Allison’s treatment is over and she is cancer-free. Her search for Mr. Right continues but these days, her ideal man looks a little different. He’s no longer just a pretty face who tells a good joke and makes a fantastic income. Now, Allison is looking for someone who is kind, supportive and a good listener. Someone, she says, like her dad.
The journey through cancer treatment has changed every aspect of Allison’s life. She’s the first to admit she never thought she’d be grateful for cancer, but that she is, in fact, supremely grateful and wouldn’t change a thing.
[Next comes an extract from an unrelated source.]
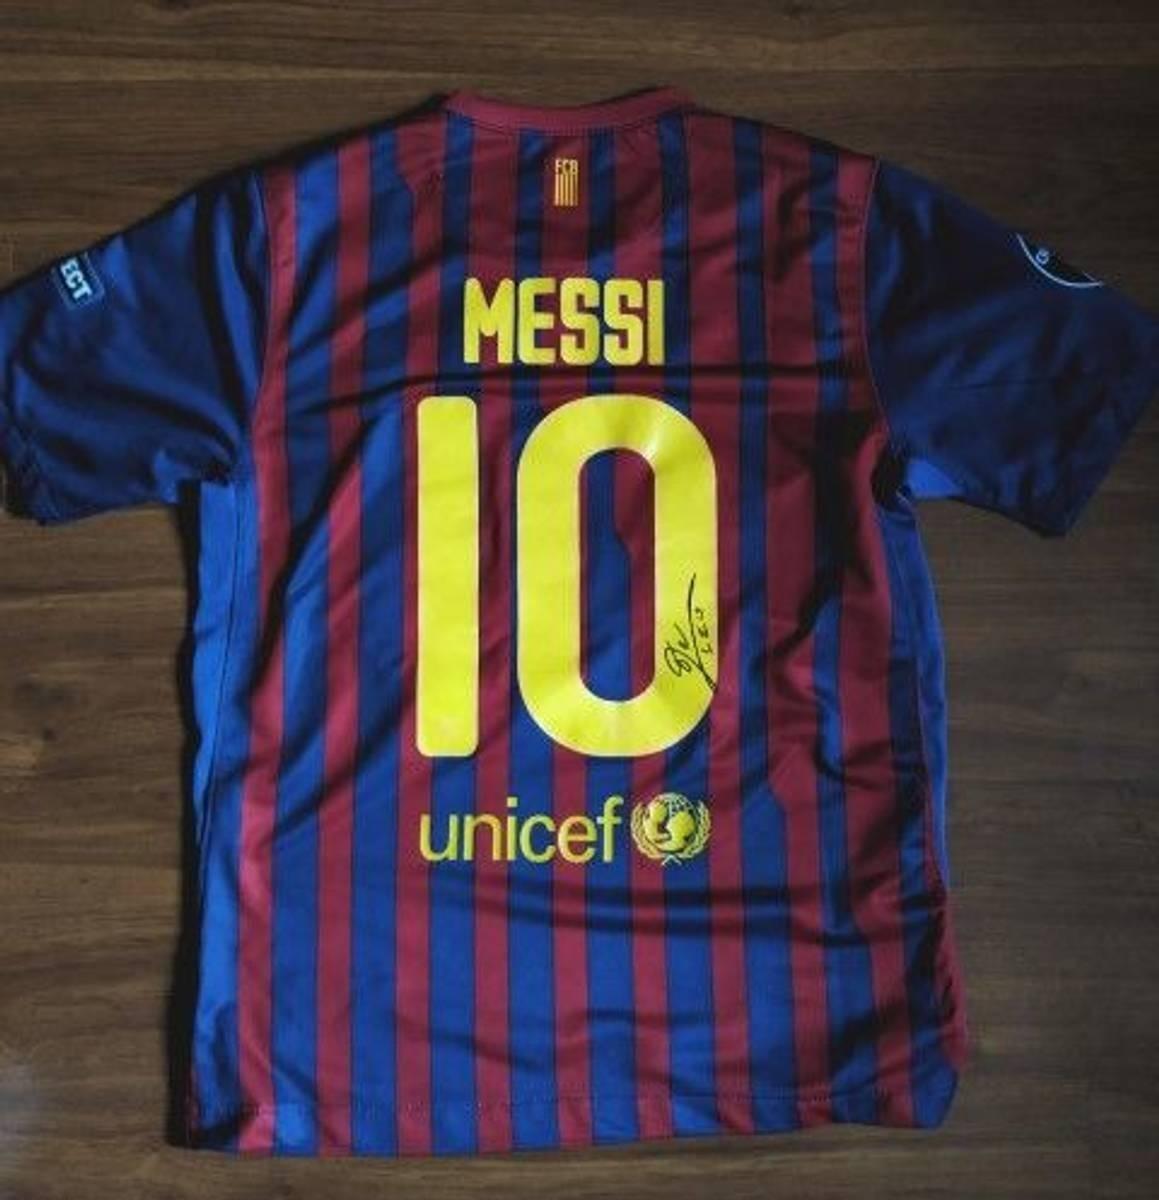 11a2a8731cdf6 camiseta barcelona autografada pelo messi. Carregando zoom.
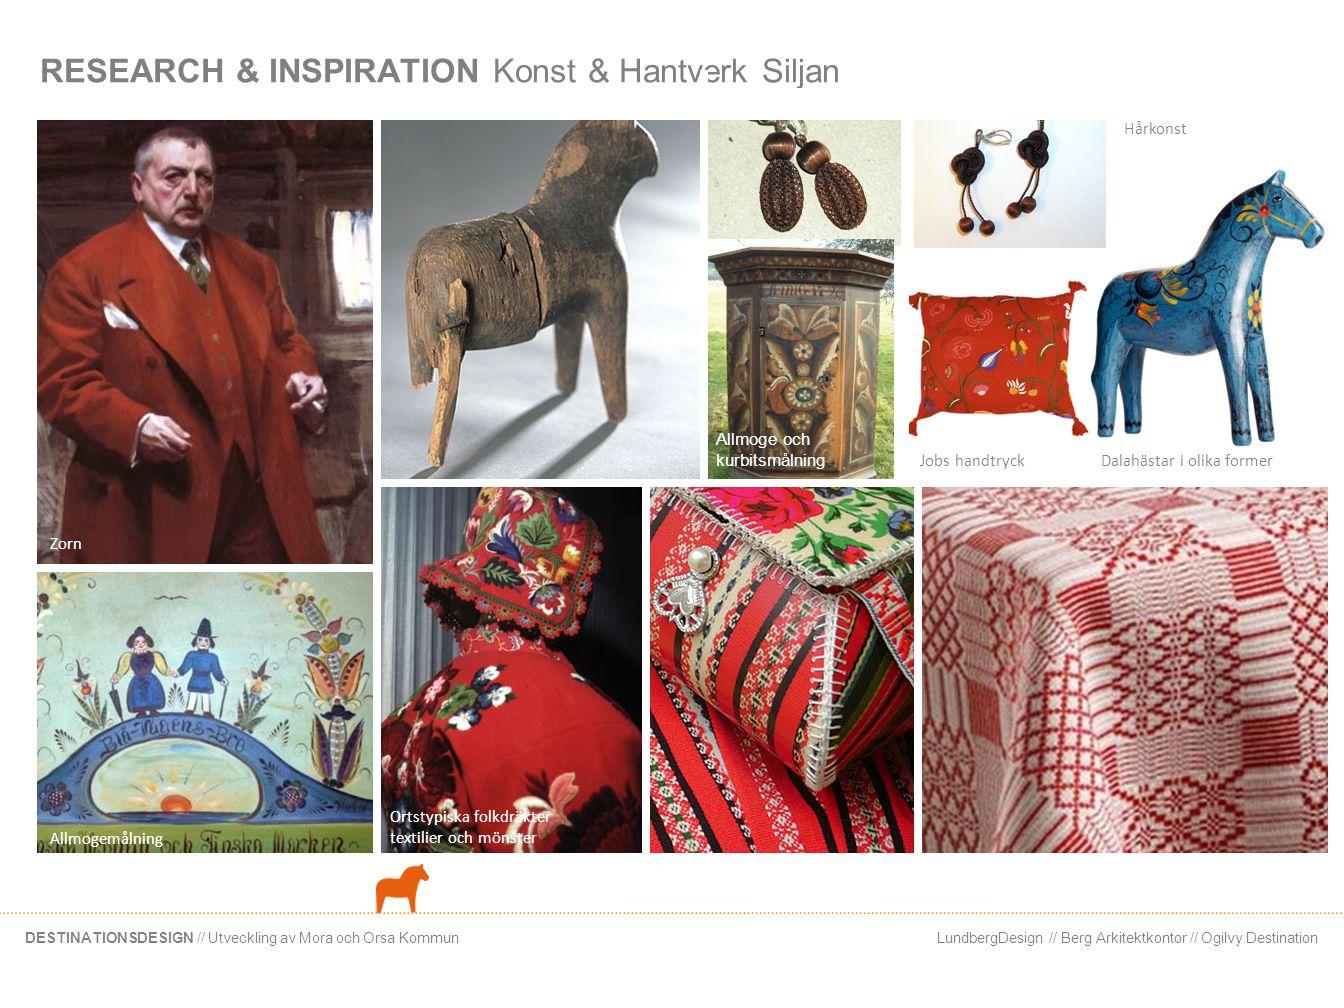 LundbergDesign // Berg Arkitektkontor // Ogilvy DestinationDESTINATIONSDESIGN // Utveckling av Mora och Orsa Kommun RESEARCH & INSPIRATION Konst & Han

She hears daily from people impacted by the Chemo-Ho series and is currently working on a comedic memoir about dating before, during and after cancer.
Her health is now a top priority, leading to an additional line of work – as a personal trainer. Grateful for her body, Allison has given up the negative self-talk that seems to plague all women and is in the best shape of her life.
“When her last treatment was over, a week later, along with 1,800 other people, she was bicycling through the Rockies,” says her father, with obvious admiration. “It’s phenomenal.”
Joining the Enbridge Ride to Conquer Cancer was Allison’s way of celebrating the end of treatment and the amazing capabilities of her body. “I wanted to do something for me, to prove to myself and my body that I was healthy,” she says. “The ride was the most amazing weekend of my life. I realized that cancer affects everyone and we are all in it together.”
She’s also made her first film. Called Everybody Loves Boobs, it’s a funny take on a not-so-funny subject: how medicine has turned breast cancer into a product instead of a disease. In the film, Allison plays herself going through treatment for breast cancer, while participating in a bachelorette-type reality show. Her breasts become big business as network executives and sponsors use them to achieve fame and fortune.
The film is Allison’s way of talking about the politics of cancer, particularly about how some cancers seem to be more worthy of attention, and funding, than others. She sees cancer as cancer regardless of where it occurs in the body and points out that everyone on the chemo ward, or watching Chem-Ho, is going through the same experience.
The film also explores a common phenomenon for women with breast cancer. “When my treatment finished and the cancer was gone, I was asked if I wanted to be referred to a counsellor,” says Allison. Confused, Allison asked why and was told that many women don’t know how to identify themselves when they no longer have breast cancer.
Therein lies the beauty of Allison’s art. Her videos, film and memoir aren’t attempts to give advice – Allison laughingly claims that she’s just a big goofball, not a doctor – but reminders that when you’re living with cancer, you’re still you. You can laugh, wear silly wigs during chemotherapy, and hit on hot doctors who aren’t wearing wedding bands. As Allison puts it: “Don’t get sucked in. Just keep living your life. Because you’ll get through it.”